The Hill
by R.E. Slater
I began counting my steps as I climbed
our side hill slowly rising steadily ahead
remembering the summers when I had
rolled down its long green grasses or had
jumped across its failing backsides along
the tears in the ground pulling upon its
earthy weight. Remembering flattened
cardboard boxes I used to slide down on
greasy green ice or raced my runner sled
down its steep face into the wetlands lying
far below. Happy days not unlike today
as I carefully measured and remeasured
my steps not wanting to be off in my
count as accuracy was needed this day.
I knew this hill as well as it knew me.
From skeet shooting its top with my dad
and brother to snowmobiling up into its
heavily drifted tops. My last memory was
watching the very first Skylab fly overhead
as a shiny thing reflecting the five o'clock
morning rays. I was headed to bed when
driving home but thought to go out and
wait. A few minutes later it flew overhead
and then I went to bed having stayed up all
night at my senior prom party having left
alone to go home. Not unlike all other past
days and years when I also went home to
fields and stars. Country kids learned to
improvise by looking up into the heavens.
The evening prior I had just graduated.
Only months away September would
find me leaving home to live at a distant
university far from my beloved hill and
its many memories. Youth was gone as
was my grandpa next door having lived
out his days on the old family homestead.
The farm lay fallow and I, as its sixth and
last generation, would not inherit its lowly
fields or wandering fence lines. The aged
barns were used up. So too the rusted
tractors and plows. The dairy herd sold
and fence lines, like their fields, lying in
disrepair. Around lay city encroachment
and like the hill, I and it would become
forgotten things flattened by progress.
I already had known this from a very
young age, which is why I was tracing
my steps again, counting them lest my
earlier memories had failed me as I
stepped upwards along the worn rise.
Trying to find its final height. The last bit.
Before it fell away more steeply then its
earlier length when crossing its topmost
beam. But what I had once thought was its
final height was but a false perception.
For in the ground its real top lay farther
ahead. Probably a third of the way more
than when first looking. I found this a
great relief and would hold on to these
thoughts for the remainder of my life.
Thus I stepped off my slowing pace anew
to measure for accuracy - not perception.
And in the measuring was gaining a new
confidence to my initial perceptual dismay.
A sadness I had been holding within too
long as a young boy yet in middle school.
That its distance lay much further ahead of
me then I had once anticipated. And when
finally gaining its top, looking all around in
every direction, I tried to remember every-
thing that my eyes took in. All the changes
the many long years had brought. I saw them
again and remembered. Not even the backside
of the hill could remove those wandering glens
from my heart as it began spinning downwards.
Not for the last time I reminded myself
remember, remember... as I have from
time to time when fearing my journey too
quickly passing. That my youth was but an
interlude to many happy climbs to come on
a bare hill called life rising gracefully ahead.

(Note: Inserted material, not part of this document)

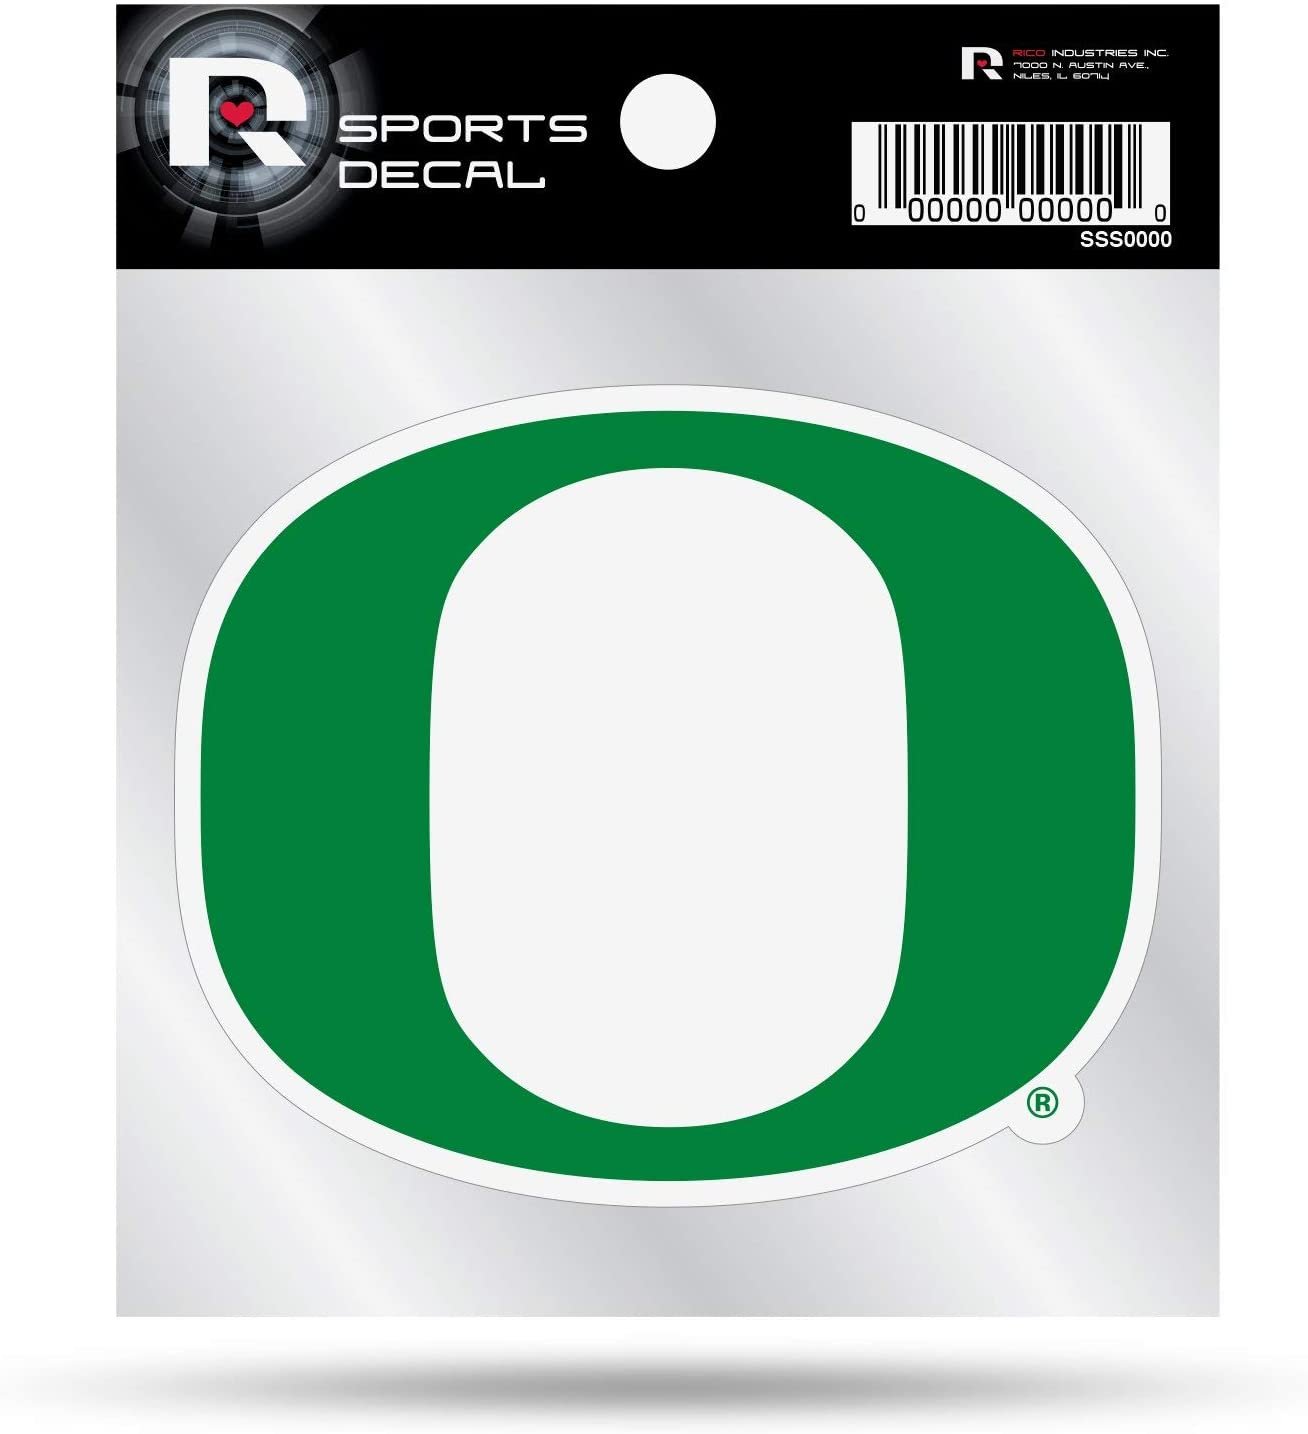 University of Oregon Ducks 4x4 Inch Die Cut Decal Sticker, Primary Logo, Clear Backing
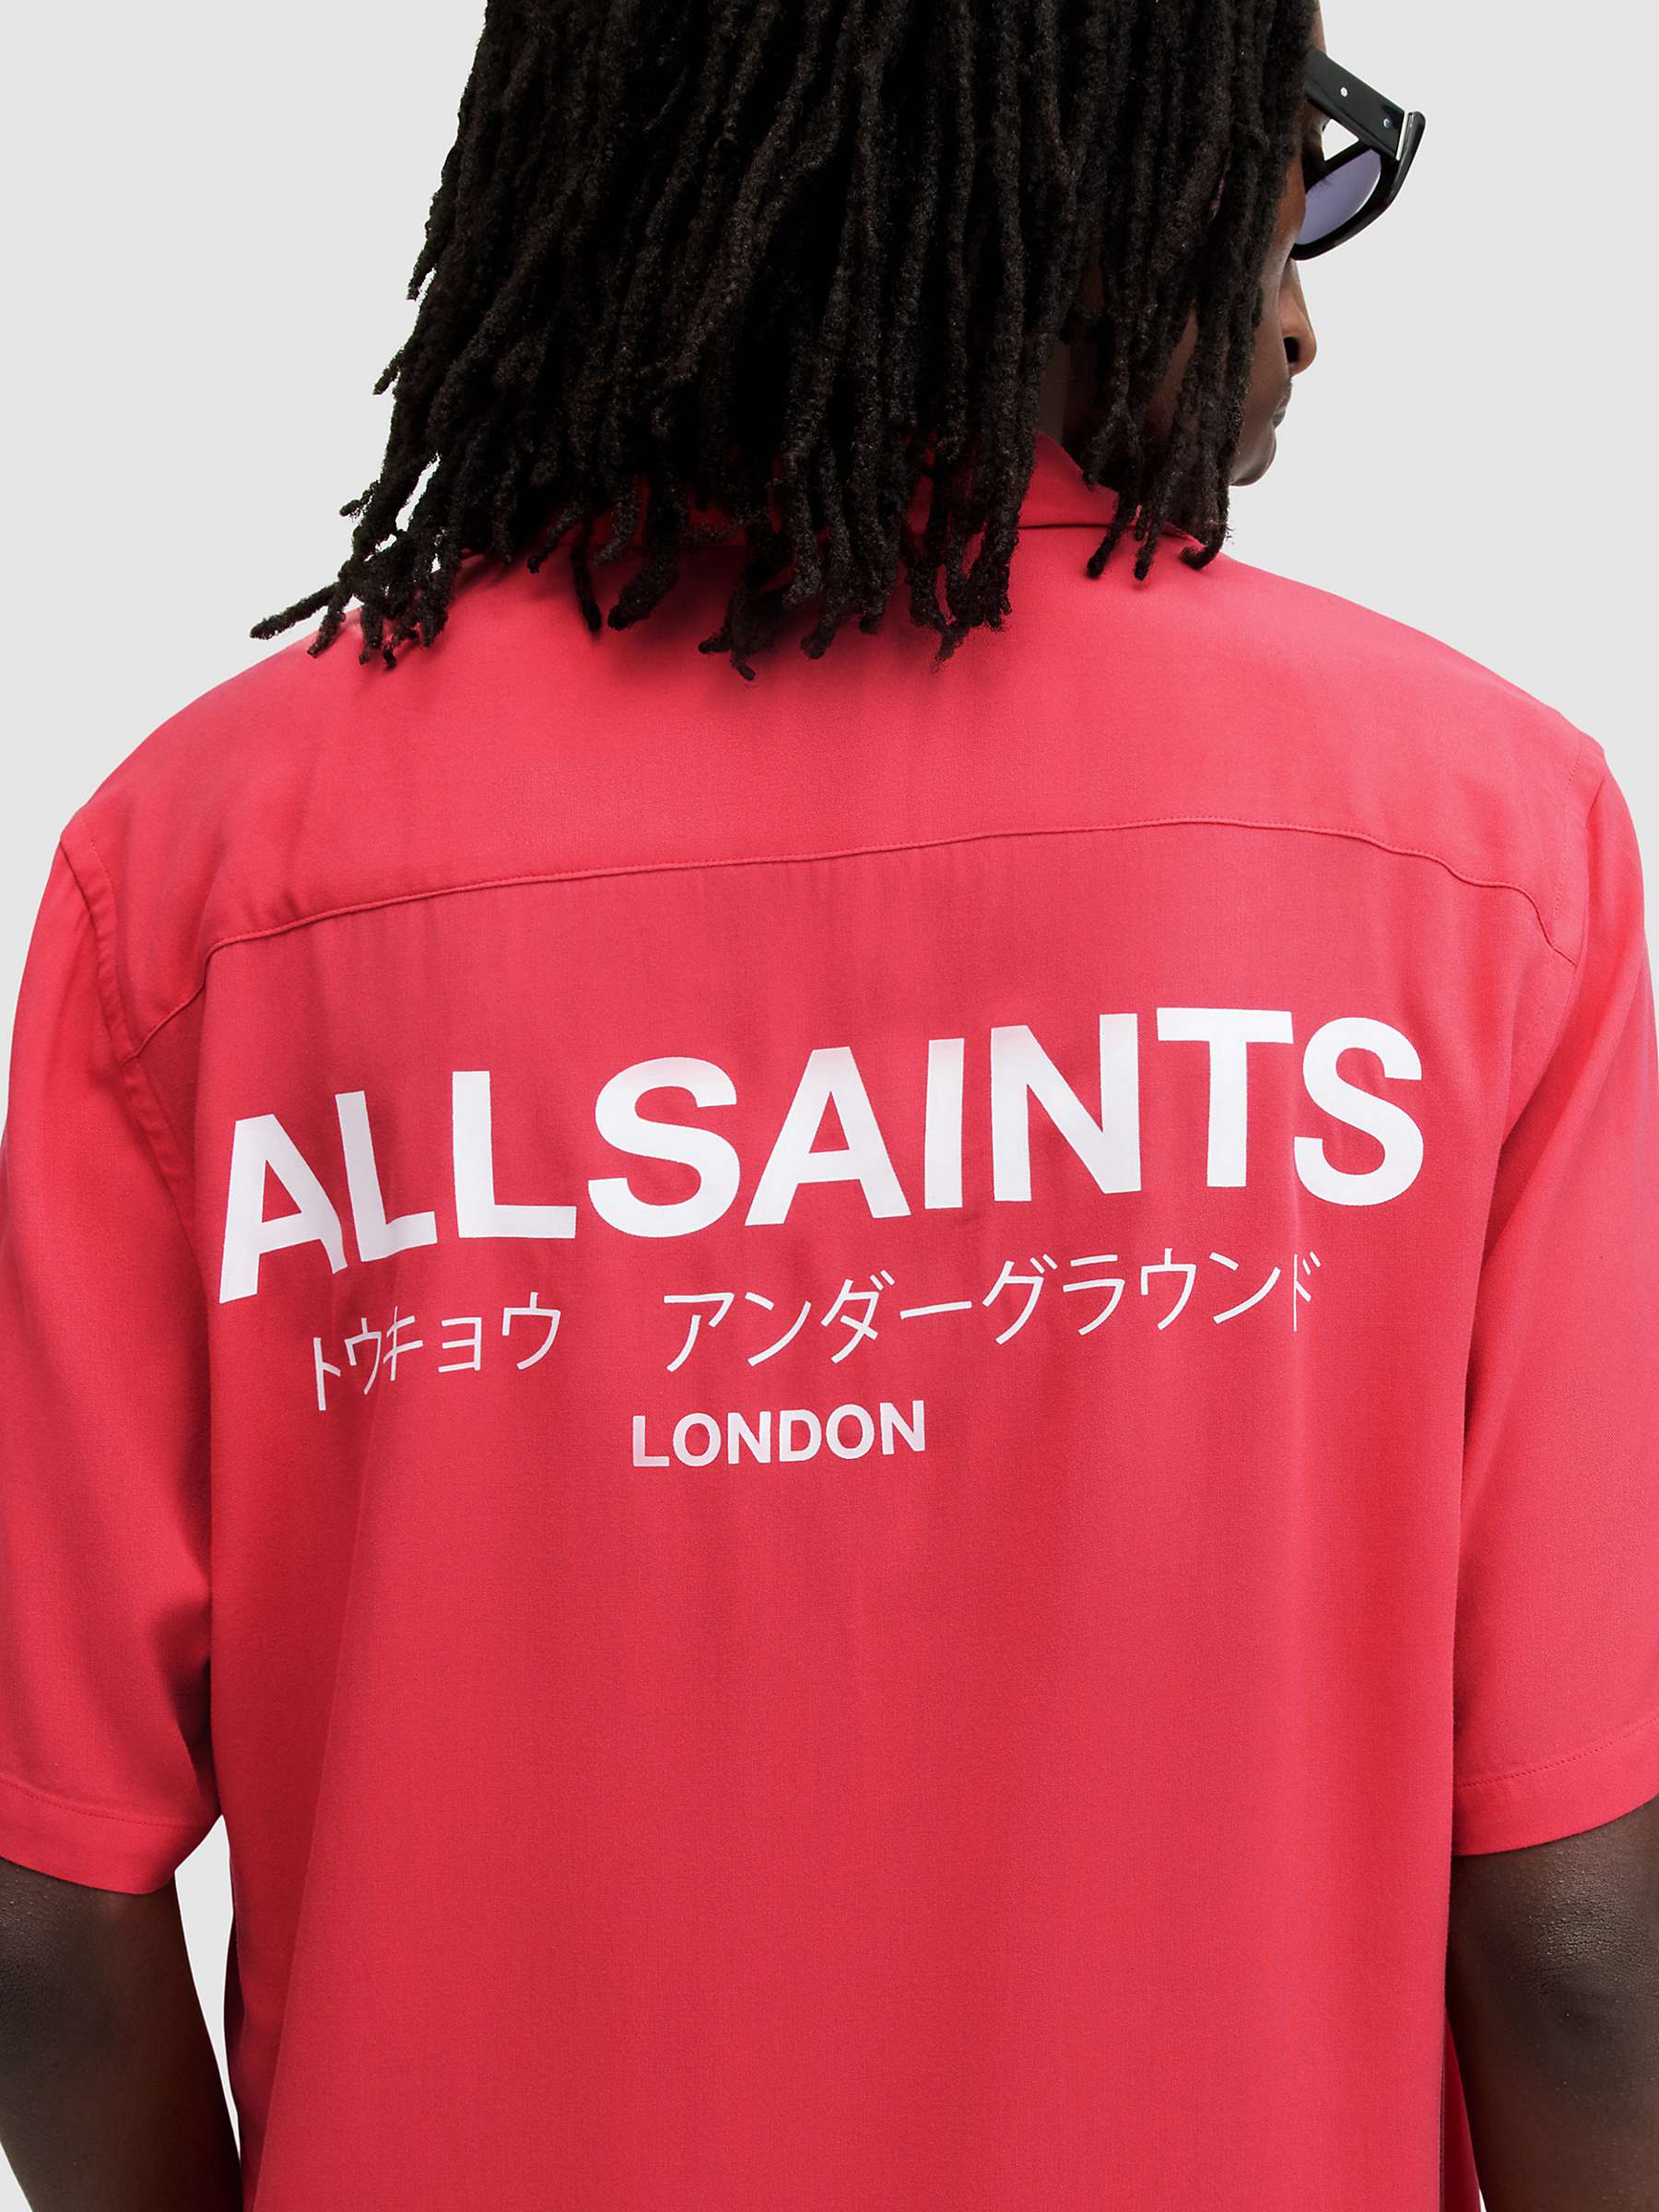 Buy AllSaints Underground Short Sleeve Revere Collar Shirt Online at johnlewis.com

At times speeding too quickly. At other times
too slowly. Yet life itself rises as it will to both
dreamer and old. It will take many a solitary
trek to step it off completely. To wear away.
And so I have remembered to this day the
vistas, the views, the hopes of all the promises
I had allowed might be, which could be. Even
as I have allowed them now finding myself still
climbing. Still taking each day in stride with all
other previous days prior until I can no longer
roll down life's slopes as I had once climbed
so easily, so carelessly, so eagerly, in distant
summer days past I can only now remember
but faintly with a smile and light step.